A team of scientists including NRI researchers has developed an engineered bee feed supplement that could help tackle the alarming decline in honeybee populations worldwide. The study, published in Nature on 20 August, reveals that a precision-engineered yeast supplement, designed to provide essential compounds found in plant pollen, significantly improves honeybee colony reproduction.
Led by the University of Oxford, the research also involved key contributions from the Royal Botanic Gardens Kew and the Technical University of Denmark. NRI’s
Identifying the missing nutrients
Honeybees depend on a diverse diet of pollen to supply sterols – specialised lipids critical for growth and reproduction. However, climate change and agricultural intensification are reducing floral diversity, forcing beekeepers to rely on commercial pollen substitutes. These, however, lack the right sterol compounds, leaving bee diets nutritionally incomplete.
Through delicate work including dissecting individual nurse bees to separate the guts, and advanced chemical analysis, the team identified six sterols, 24-methylenecholesterol, campesterol, isofucosterol, β-sitosterol, cholesterol, and desmosterol, that dominate in bee tissues. Before this work, it was unclear which of the diverse sterols in pollen were critical for bee health. ‘Our analysis identified exactly which sterols bees uses, giving us a precise nutritional target for the modified yeast,’ said Phil Stevenson, Professor of Plant Chemistry at NRI and co-author of the study.
Engineering a solution
Researchers used CRISPR-Cas9 gene editing to engineer the yeast Yarrowia lipolytica to produce the exact mixture of these sterols sustainably. Y. lipolytica was selected since this yeast has a high lipid content, has been demonstrated as food-safe, and is already used to supplement aquaculture feeds. The yeast biomass was then cultivated, harvested, and dried into a powder that could be mixed into artificial pollen diets.
In controlled three-month feeding trials, colonies given the sterol-enriched supplement reared up to 15 times more larvae to the viable pupal stage than colonies on sterol-deficient diets. These enriched colonies also sustained brood rearing for longer, and the sterol profile of their larvae matched that of naturally foraged bees.
Benefits for bees, biodiversity, and agriculture
Pollinators like honeybees contribute to the production of over 70% of leading global crops and declines in bee populations threaten food security and biodiversity alike. ‘Honeybees are critically important pollinators for the production of crops such as almonds, apples, and cherries and so are present in some crop locations in very large numbers, which can put pressure on limited wildflowers. Our engineered supplement could therefore benefit wild bee species by reducing competition for limited pollen supplies,’ Professor Stevenson explained.
The yeast-based supplement could be commercially available within two years, offering beekeepers a sustainable way to improve colony resilience without depleting natural pollen sources.
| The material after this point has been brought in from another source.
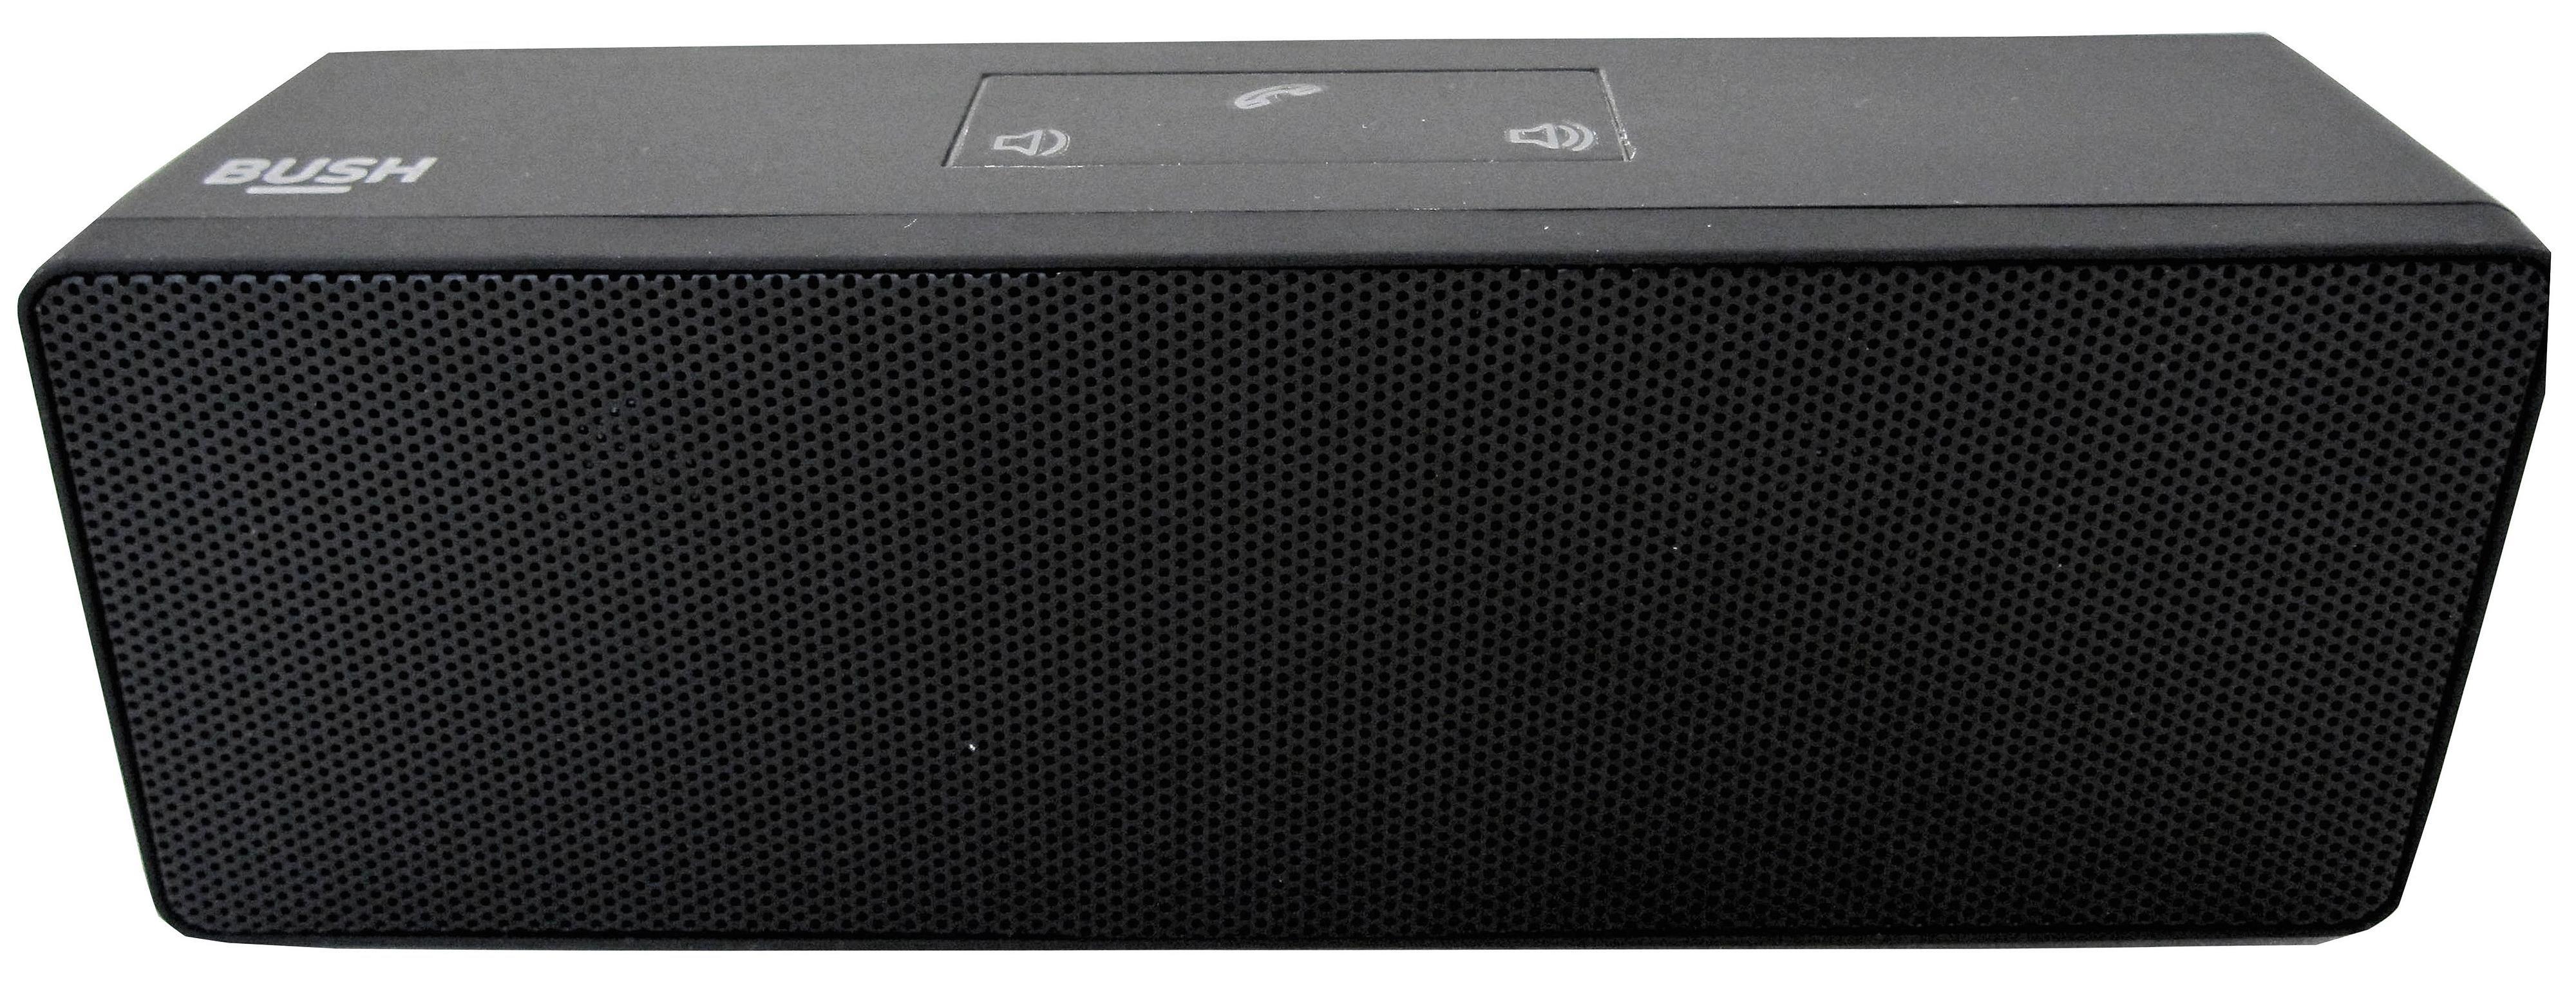 speakers. click to zoom speakers

Beyond honeybees, the same technology could be adapted to support other pollinators and even farmed insects, opening new avenues for sustainable agriculture.
Looking ahead
While the results are promising, large-scale field trials will be essential to confirm long-term benefits and pollination outcomes in real-world agricultural settings. The researchers are optimistic about scaling the approach and integrating it into bee management strategies.
Professor Stevenson said, ‘Research to prevent the sudden loss of bee colonies has focused primarily on pesticides and parasites like Varroa mites. But our work shows that good nutrition is crucial too and just like with people good diets for bees can lead to healthy outcomes and so this research could be the beginning of the end of colony collapse disorder.’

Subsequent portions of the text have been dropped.